I get asked all the time by friends and colleagues if they should sign up for a new credit card for [insert reason here]. Ultimately whether I recommend signing up for a new credit card comes down to one question:
Will you receive quantifiable value out of the credit card that is well in excess of its annual fee?
This is how I think about credit cards, and how you should too.
Think of rewards in terms of cash they would otherwise displace
Cash back – Cash back is easy to value. If a credit card gives you $100 in cash back, it is worth $100.
Purchase Offset Credits – Some credit cards offer opportunities to redeem points to offset certain types of purchases like travel, restaurants, or transporation. The Capital One Venture X card, for example, offers points that are worth 1 cent each if they are redeemed against travel purchases you put in the card. Generally, I only place a value on purchase offsets if I am *certain* that I will spend enough on a card in categories that I can offset with my points.
Frequent Flyer Miles and Hotel Points – One mistake people make is that they value points based on the flashy first class and luxury hotel redemptions promoted by some bloggers. Yes, you might be able to get into the Park Hyatt Kyoto for 30,000 points a night, but that doesn’t mean that your points are worth 5.08 cents each because you probably wouldn’t otherwise pay $1,524.47 per night to stay in that hotel. Personally, I use Frequent Miler’s Reasonable Redemption Values, but I acknowledge that if I’m sitting on half a million SkyMiles, the marginal SkyMile is worth substantially less than that amount.
Your benefits are worth what you would pay
Benefits You Frequently Use – For me, this means things like lounge access and extended warranty benefits.

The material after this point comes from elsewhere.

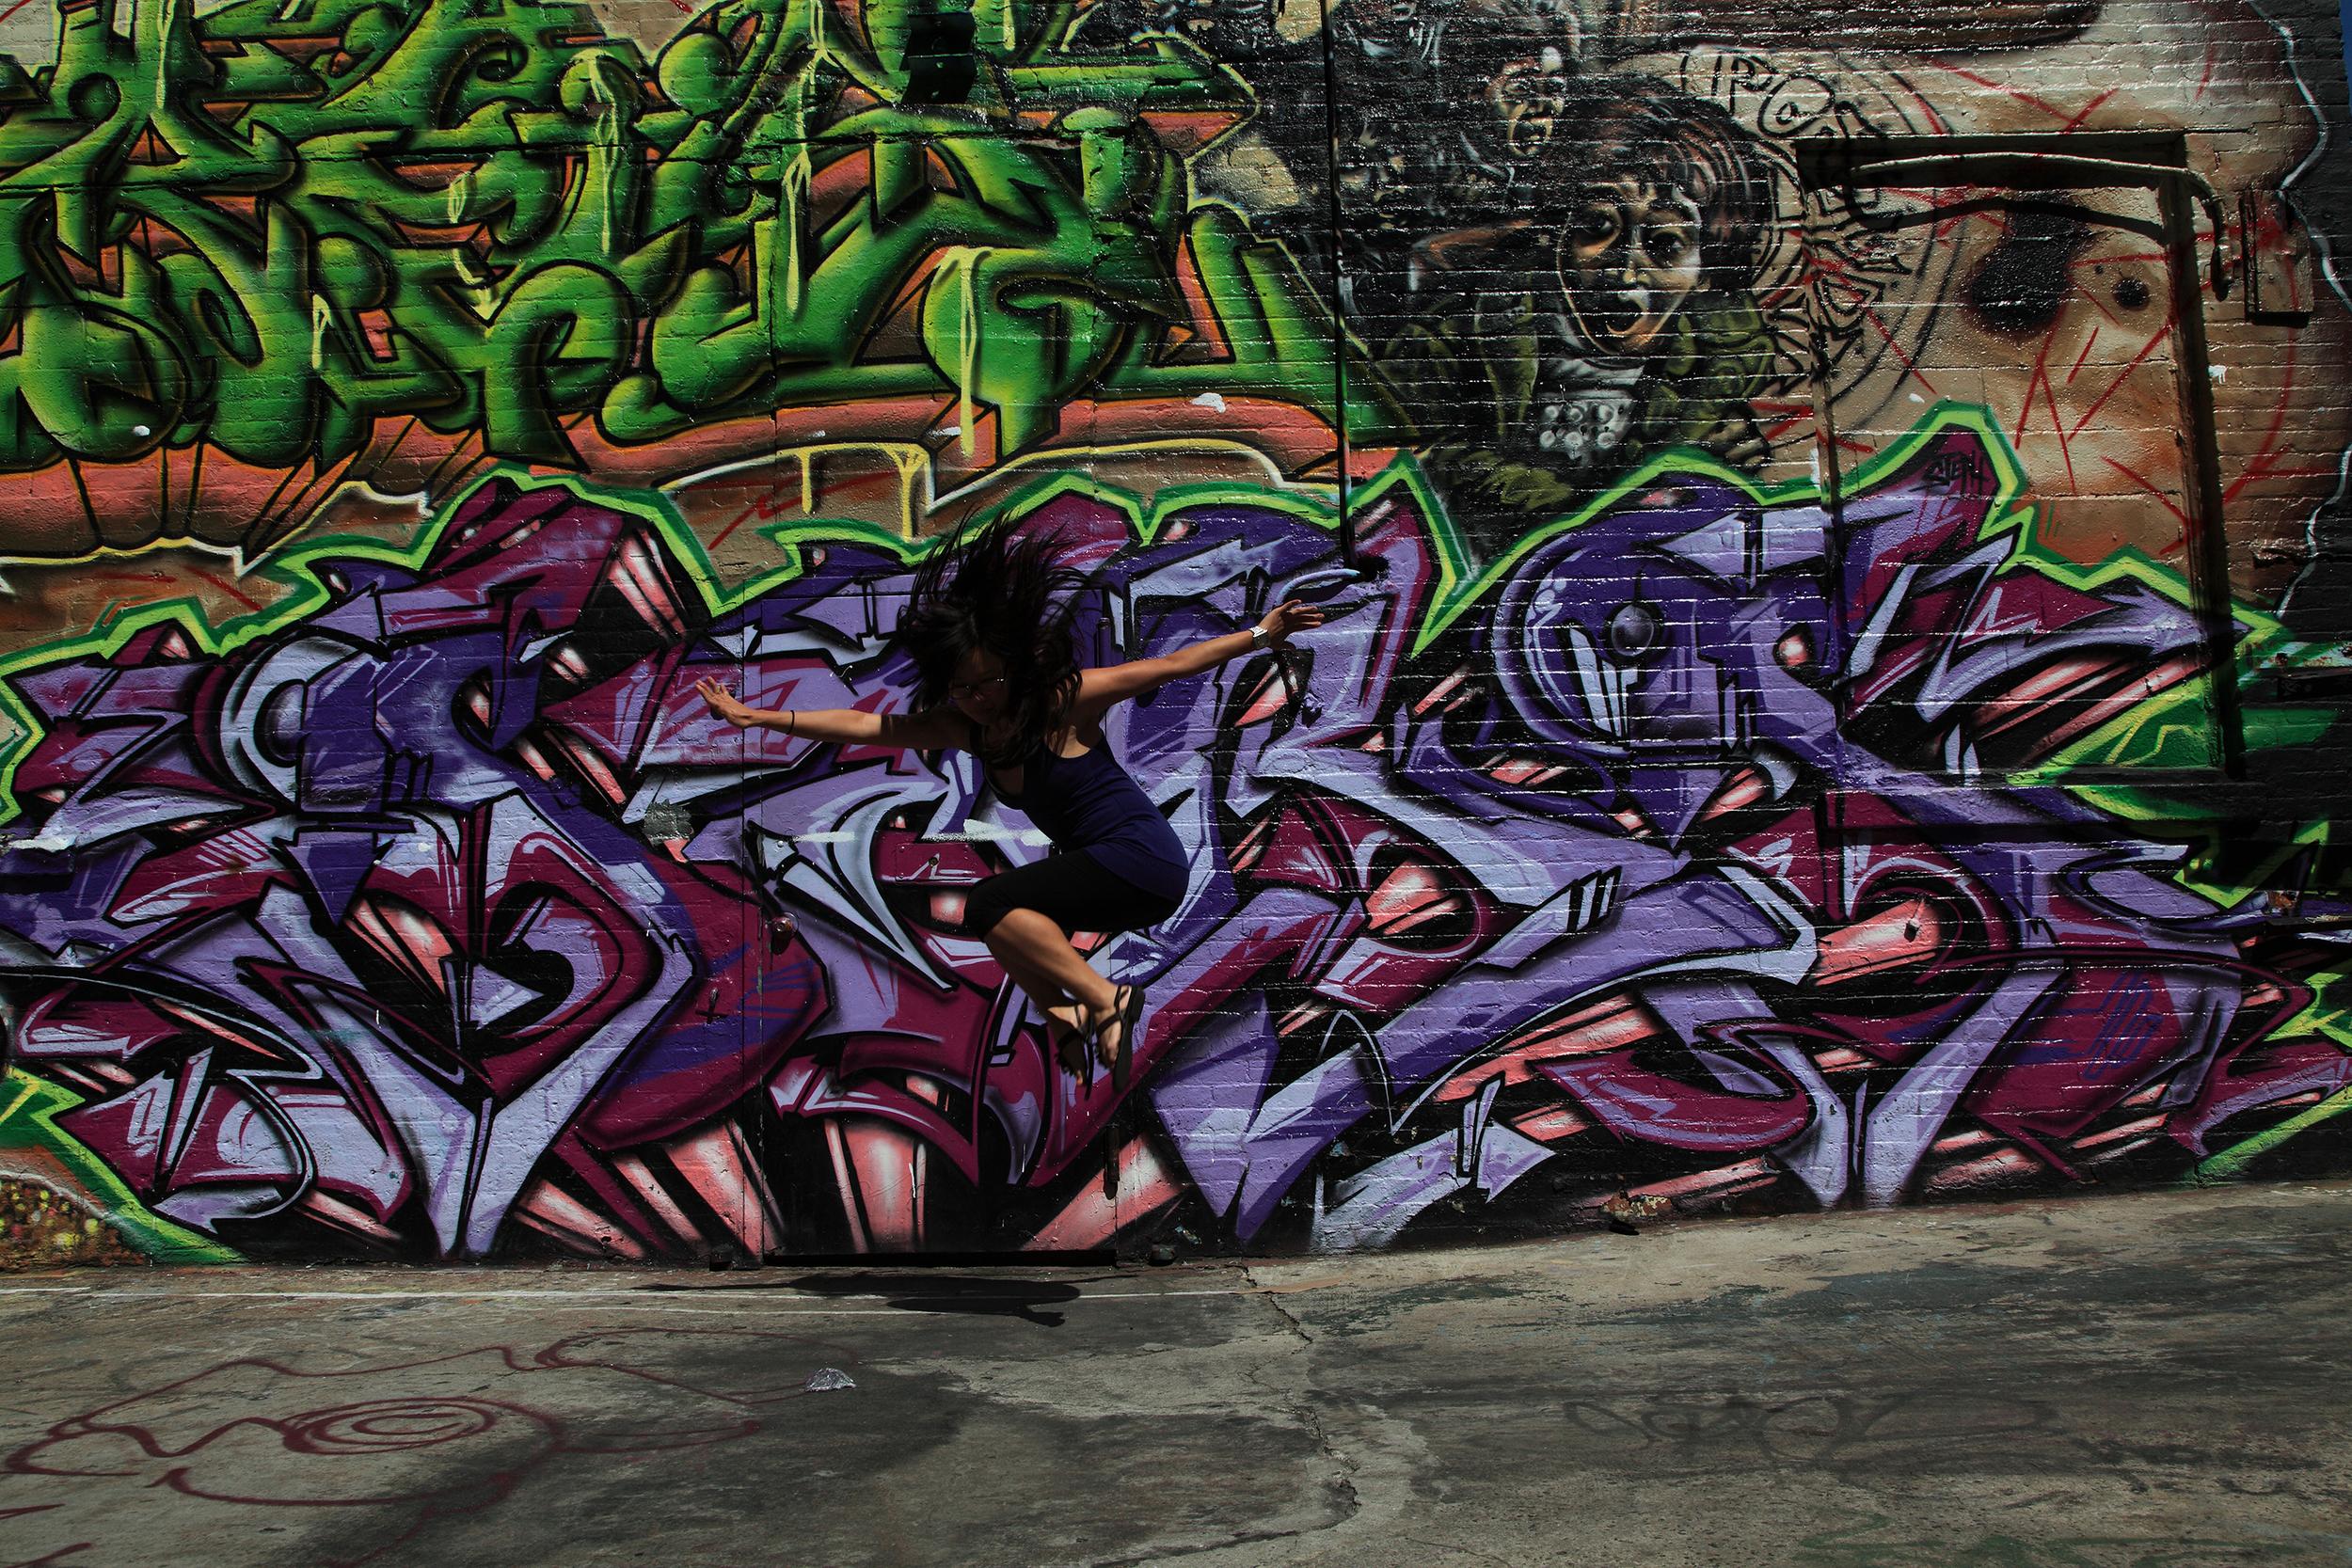 Taken at 5 Pointz, a public art and graffiti mecca.

Airport lounge access is a benefit that I use almost every time I am traveling. On my American Express Platinum card, I receive access to Delta Sky Clubs when traveling on a same-day Delta itinerary, I can access American Express lounges 3 hours prior to a flight, and I have access to the Priority Pass network of lounges. This means that I have 4 lounges at my home airport, MSP, and I almost always stop into them before my flight and frequently upon my return. When traveling, I’d normally spend $15 for a meal at an airport while passing through. If I take 20 flights (or 10 round trips) per year, that is $300 of food that I am otherwise not buying, because I can eat in the lounge. I probably wouldn’t pay $300 up-front for this benefit, but I’d definitely pay $200, so that’s what I value lounge access at.
Extended warranty is another benefit that I use with some frequency. I don’t think that consumer electronics are explicitly designed to fail after their manufacturer’s warranty expires, but I’ve experienced my share of Nexus Phone Boot Loops, iPad crashes, printer malfunctions and other issues to know that getting an extra year of warranty from my American Express Card is worth it. Let’s say I buy $1000 of purchases with warranties and 10% of them break within the first year after a manufacturer’s warrant expires. That’s $100 of value. Would I pay $50 per year for that? Likely.
Benefits You Rarely Use – In addition to the benefits you regularly use, there are some benefits like trip delay protection, primary rental car insurance, purchase protection, or cell phone insurance that I rarely use. Yes, if the new iPad I bought gets stolen in the next 90 days, purchase protection will be incredibly valuable… but that’s unlikely to happen. Yes, you should always buy things on cards that protect you from theft. Yes, you should rent your car using a card with primary rental car insurance if you have it. But it’s probably not worth placing a value on these.
Duplicate Benefits – If you are a card-collector, you might have multiple cards that have overlapping benefits. This shows up commonly in people who carry multiple premium credit cards that have overlapping lounge benefits. Your first PriorityPass lounge membership is worth something, but your second, third, or forth don’t get you anything extra, so don’t value them.
Collecting credit card, airline, and hotel points has allowed me to have some pretty amazing experiences, but I always try to be level-headed about evaluating the value I am getting from having my credit cards. I’m happy to pay a $695 annual fee on my American Express Card, but only if I am getting value well in excess of the annual fee. Hopefully the above framework helps you as you evaluate how you use credit cards and miles and points.